1. Pentagonal prisms A (mid-layer). 12. 5-fold dihedral symmetry.
Pentagons joined to pentagonal orthocupolarotundas.
Squares joined to hexagonal prisms.

2. Pentagonal prisms B. 120. Reflection symmetry.
One pentagon joined to a bilbro.
Other pentagon joined to a icosidodecahedron.
Two adjacent squares joined to cuboctahedra A.
Two squares adjacent to them joined to triangular cupolas B.
Fifth square adjacent to a triangular cupola A.

3. Pentagonal prisms C. 120. Reflection symmetry.
One pentagon joined to a icosidodecahedron.
Other pentagon joined to a pentagonal rotunda.
Two adjacent squares joined to cuboctahedra B.
Two squares adjacent to them joined to cuboctahedra C.
Fifth square adjacent to a triangular cupola C.
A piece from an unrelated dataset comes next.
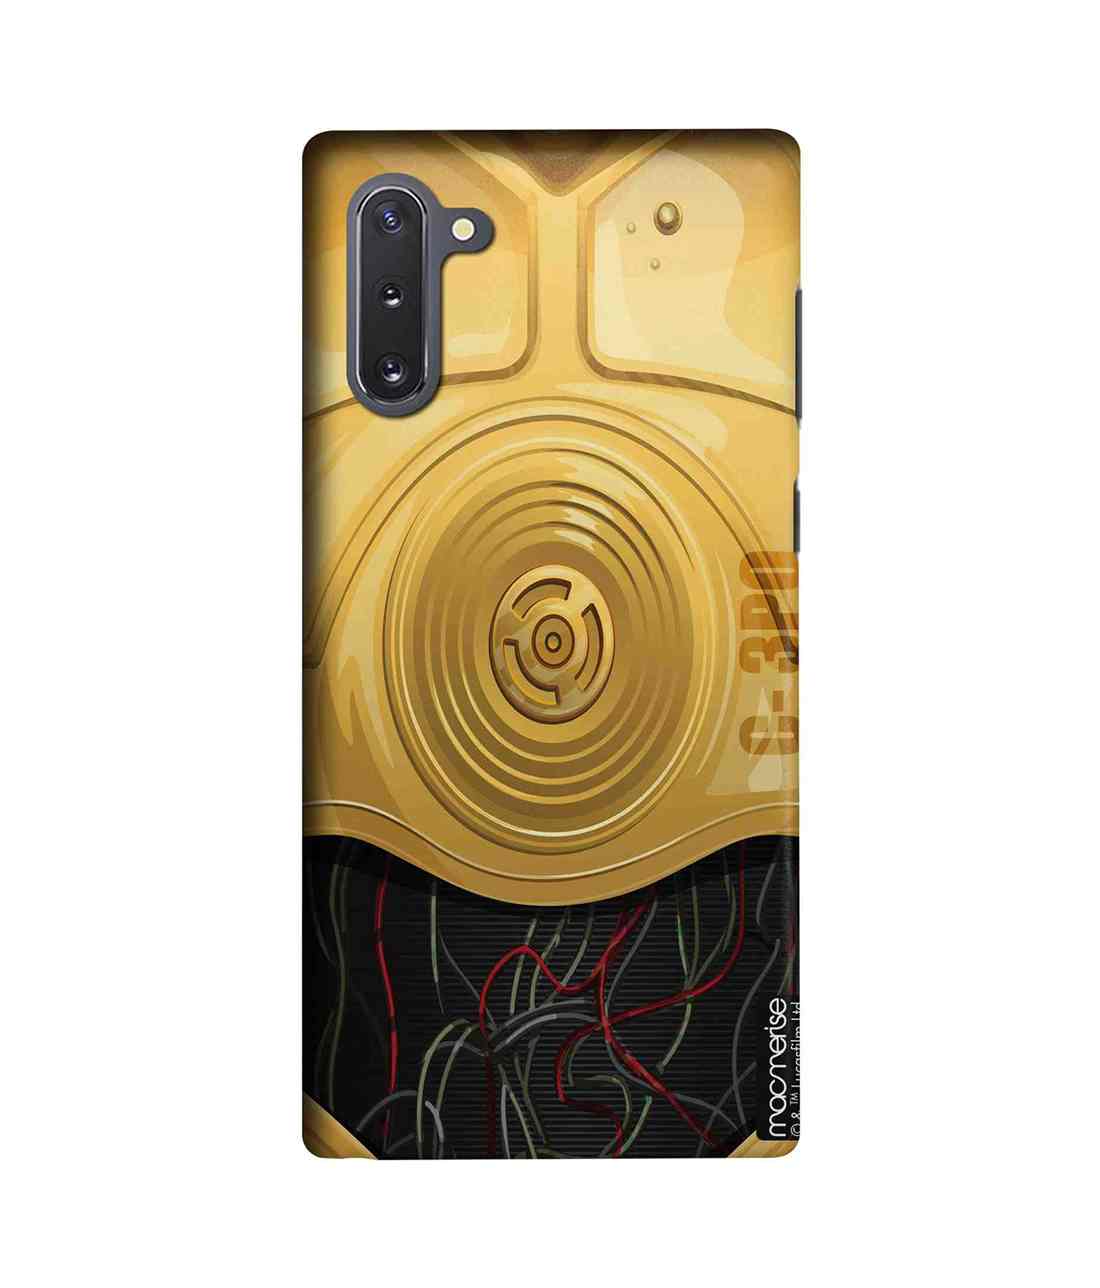 Buy Attire C3PO - Sleek Phone Case for Samsung Note10 Online

4. Pentagonal prisms D. 24. 5-fold pyramidal symmetry.
One pentagon joined to a pentagonal rotunda.
Other pentagon joined to a pentagonal orthocupolarotunda.
Squares joined to cuboctahedra B.

5. Pentagonal prisms E. 120. Reflection symmetry.
One pentagon joined to a icosidodecahedron.
Other pentagon joined to a pentagonal orthocupolarotunda.
Two adjacent squares joined to cuboctahedra B.
Two squares adjacent to them joined to cuboctahedra A.
Fifth square joined to a triangular cupola B.
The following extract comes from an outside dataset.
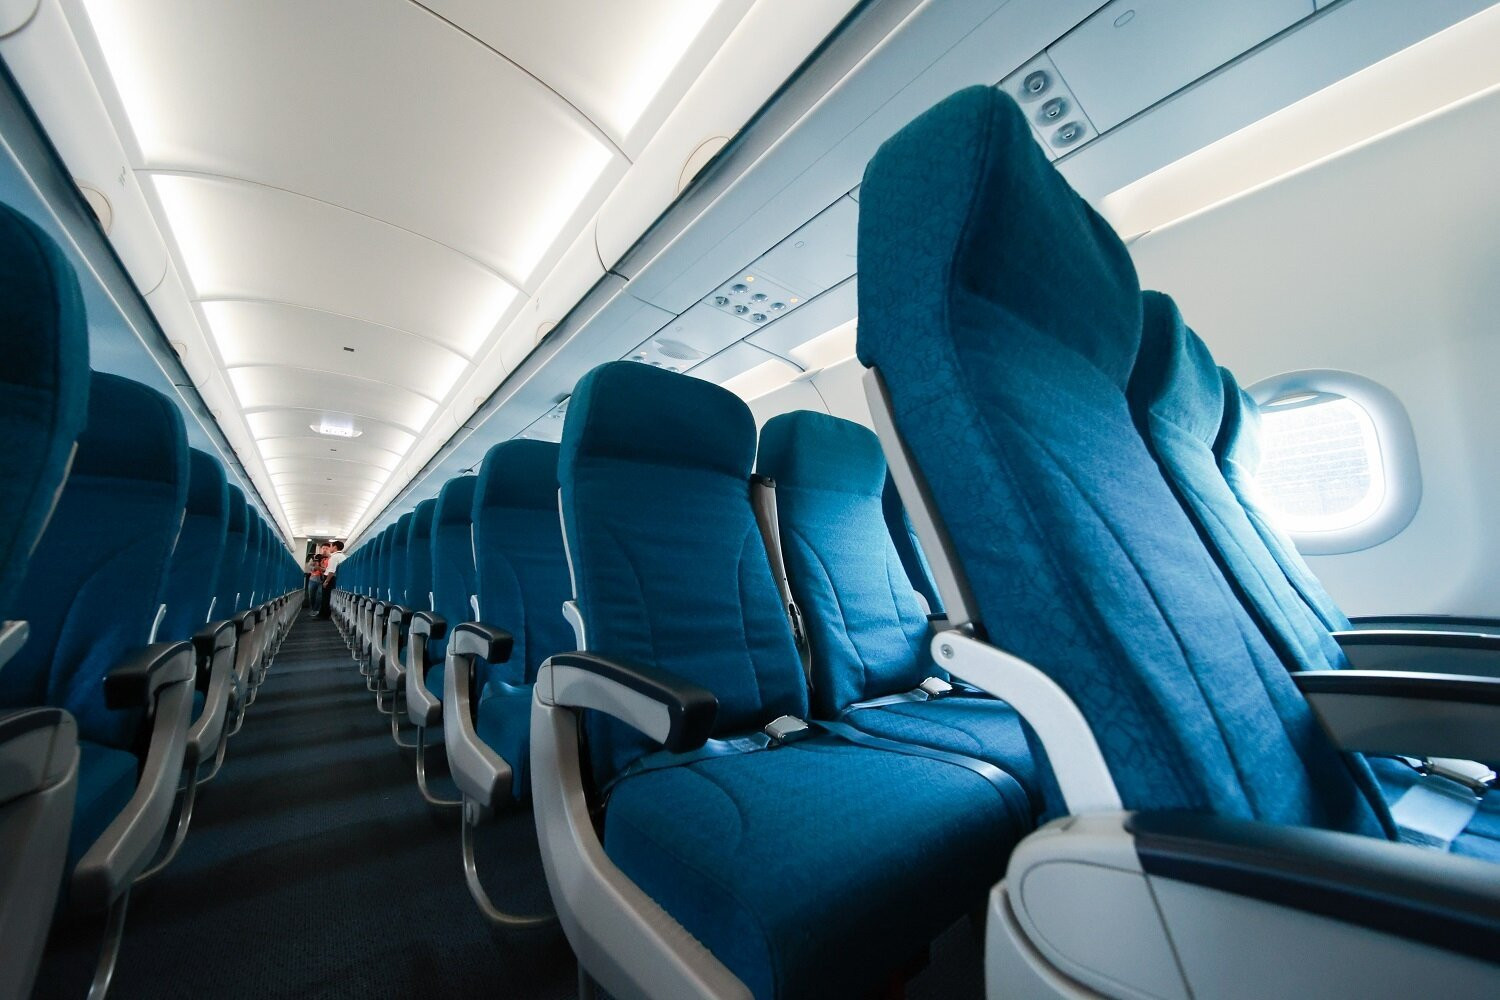 Airbus A320neo mang đến trải nghiệm bay êm ái, thoải mái cho hành khách và góp phần bảo vệ môi trường.

6. Pentagonal prisms F. 60. 2-fold pyramidal symmetry.
Pentagons joined to icosidodecahedra.
Two adjacent squares joined to cuboctahedra A.
Two squares adjacent to them joined to cuboctahedra B.
Fifth square joined to a cuboctahedron C.

7. Triangular cupola A. 40. 3-fold pyramidal symmetry.
Hexagon joined to another triangular cupola A.
Squares joined to pentagonal prisms B.
Lateral triangles joined to triangular cupolas B.
Top triangle joined to an icosidodecahedron.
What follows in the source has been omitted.